Darüber, auf der bronzenen Tür des Tabernakels, ist die Opferung Isaaks, als alttestamentarische Andeutung zum Opfertod Christi am Kreuz, dargestellt. [3]

Über dem Altar befindet sich besagtes Echthaar-Kruzifix aus dem 15. Jahrhundert.

Golgatha-Fresko

Golgatha-Fresko

Golgatha-Fresko

Mitte des 19. Jahrhunderts wurde die Kapelle restauriert und umgestaltet. Dabei wurde 1853 von dem Maler Johann Nepomuk Ender über dem Altar der Kapelle um das gotische Kreuz ein großes Fresko geschaffen: "Mysterium der Erlösung", auch "Golgatha". Es zeigt die Ereignisse auf Golgatha, den Hügel außerhalb von Jerusalem, auf dem den Evangelien zufolge Jesus gekreuzigt wurde.

Die Gruft und das Epitaph von Prinz Eugen

Epitaph von Prinz Eugenh

Epitaph von Prinz Eugen

Am Boden eingelassen findet sich die Savoyer-Grabplatte, sie ist aus Adneter Stein, in Bronze wurden die Inschrift und das Wappen, umrahmt von der Kette des Ordens vom Goldenen Vlies, angebracht. Die lateinische Inschrift besagt: „Geweihter Ort, den die durchlauchtigste Fürstin ... Theresia Anna Felicitas ... Herzogin von Savoyen ... für die Beisetzung ihres Gatten Emanuel Thomas, Herzog von Savoyen ..., der im Alter von 42 Jahren am 28. Dezember 1729 durch eine Blatternerkrankung aus der Mitte der Lebenden weggerafft wurde, sowie für weitere Angehörige dieses hochedlen Hauses Savoyen, die hier begraben werden wollen, errichten ließ, damit sie hier ruhen mögen, bis sie in Herrlichkeit auferstehen.“ 1736 folgte der Onkel, Prinz Eugen von Savoyen-Carignan. Die Gruft befindet sich unterhalb dieser Platte. Nach ihrem Tod 1772 wurde auch Maria Theresia Felicitas selbst hier begraben.

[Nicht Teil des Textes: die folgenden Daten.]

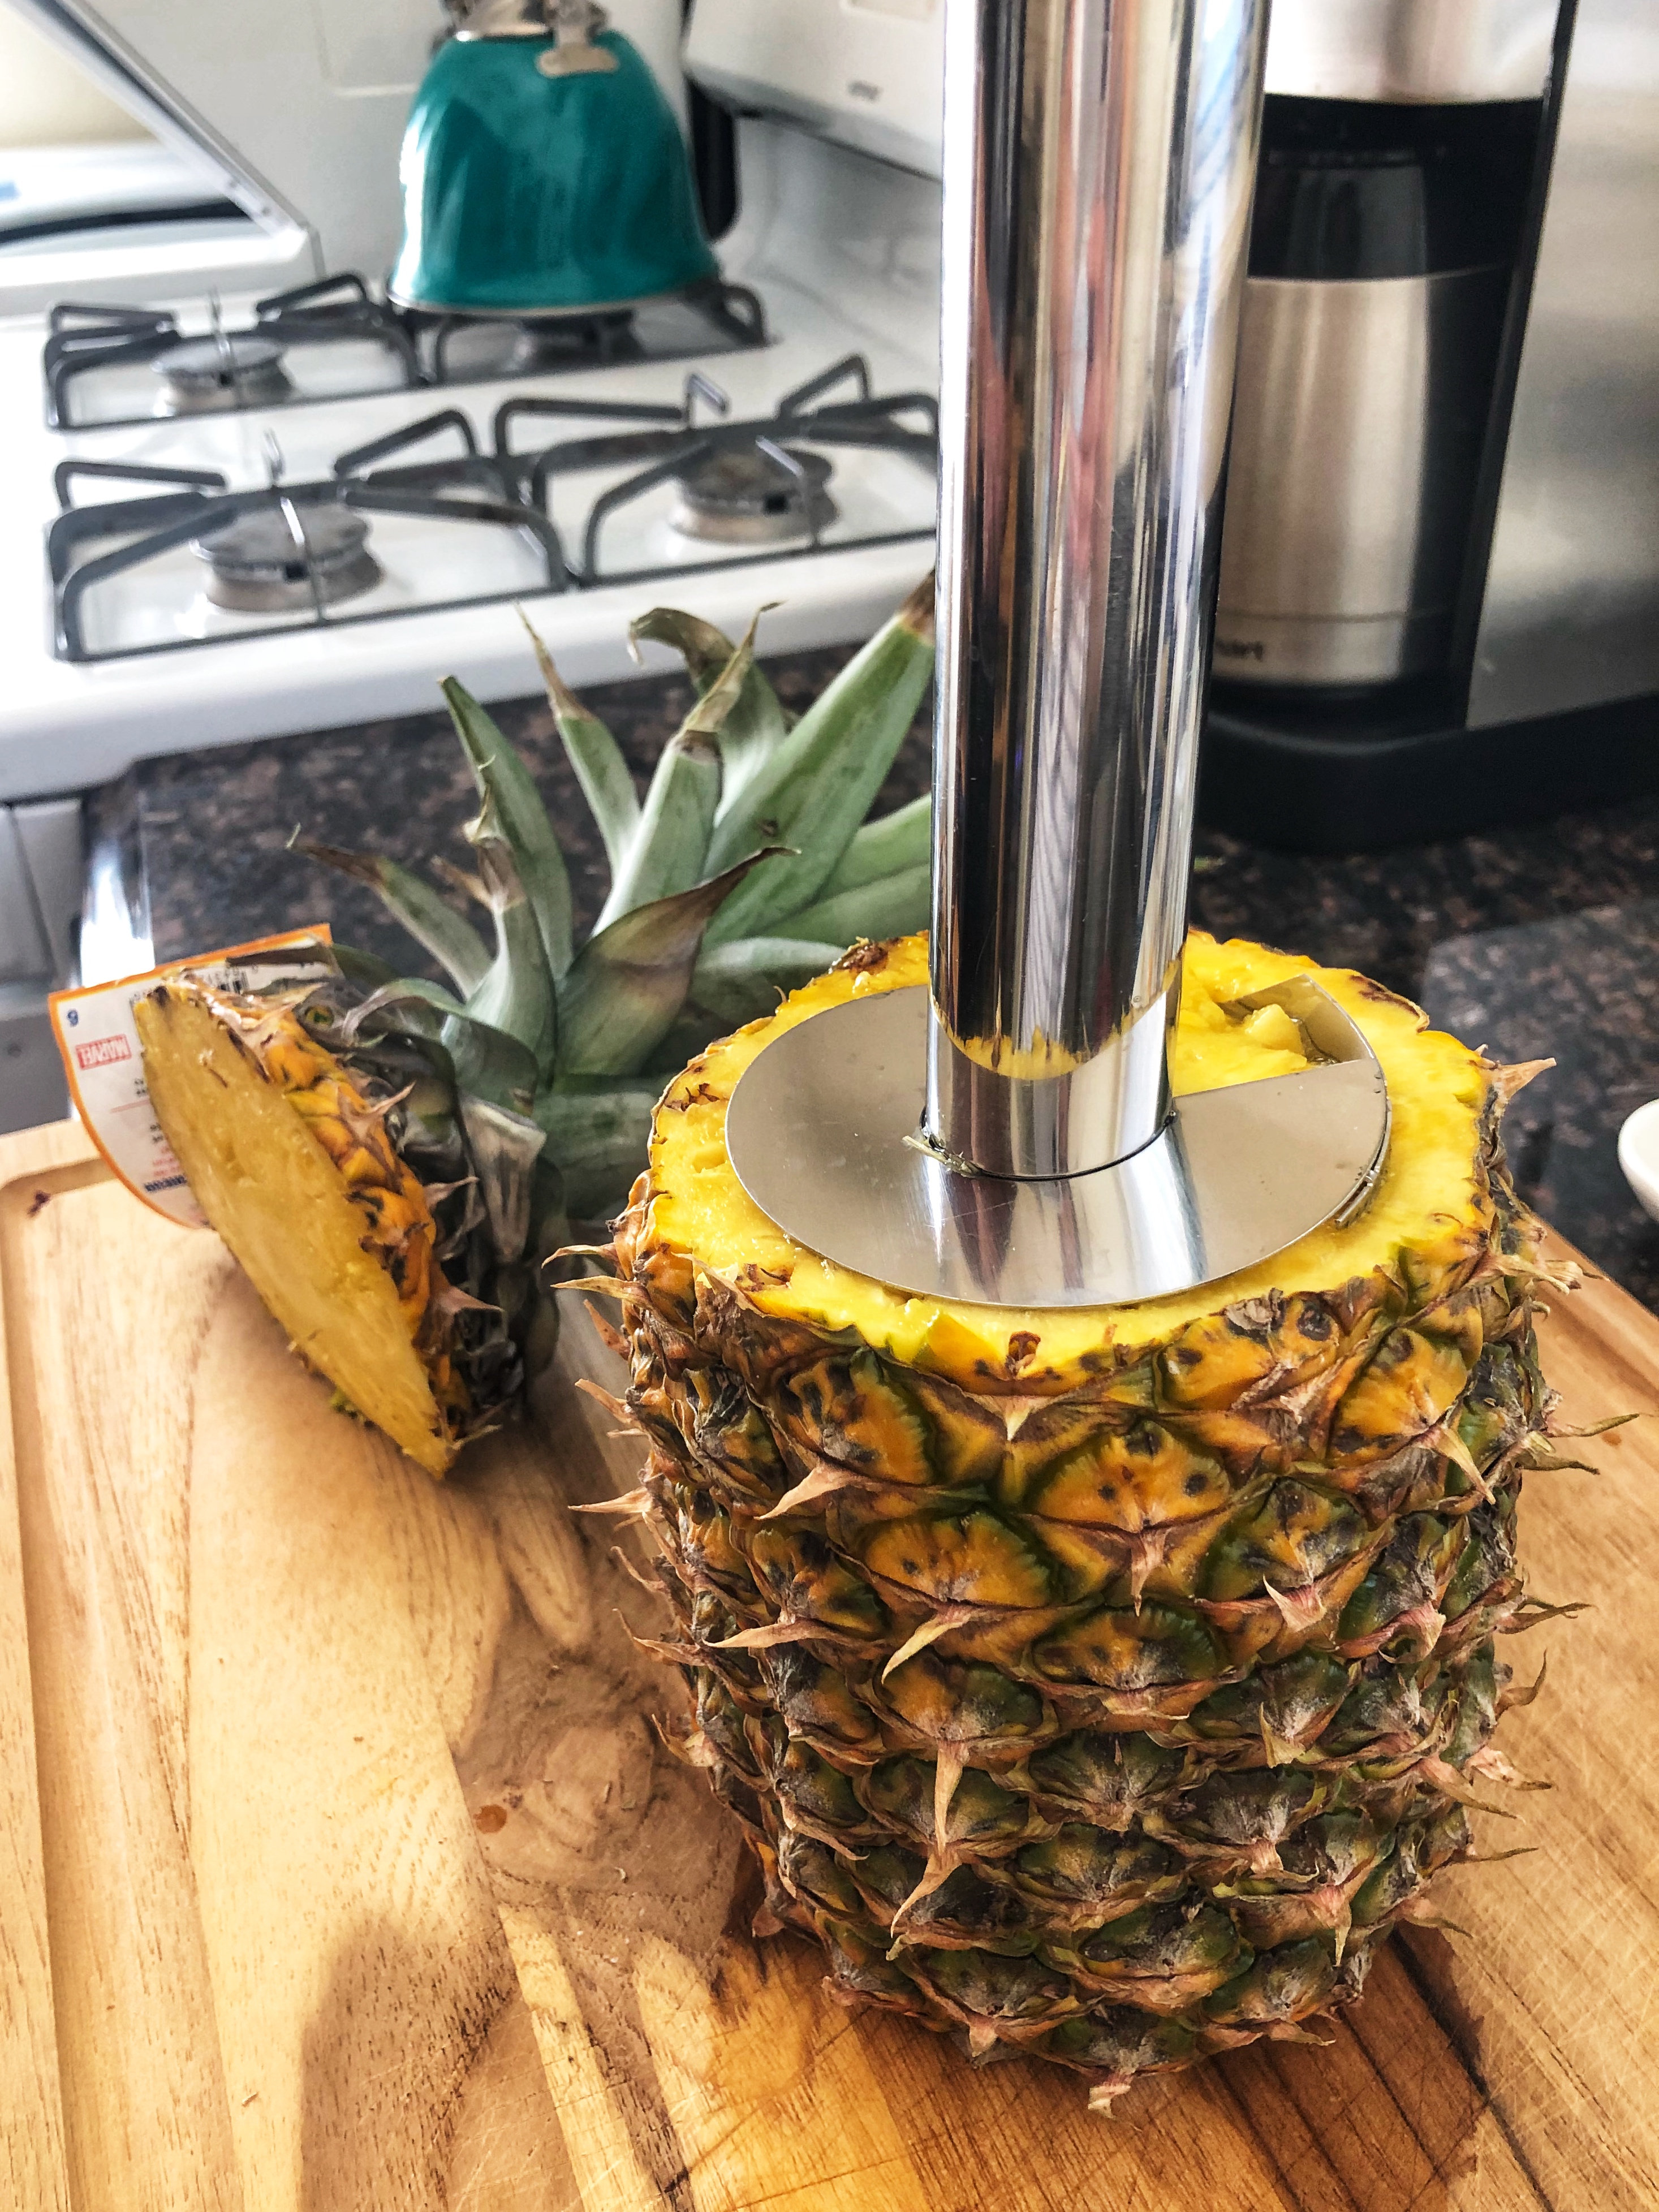 Pineapple corer

In den 1970er Jahren wurde - im Zuge des Baus der U1 - das Grabmal erstmals geöffnet. Neben den Gebeinen fand sich hier auch eine Urne mit einem Herzen. Das war insofern ungewöhnlich, als man bisher davon ausging, dass sich das Herz Prinz Eugens in Turin befinden würde. Überprüft wurde allerdings weder die Wiener noch die Turiner Urne.[4]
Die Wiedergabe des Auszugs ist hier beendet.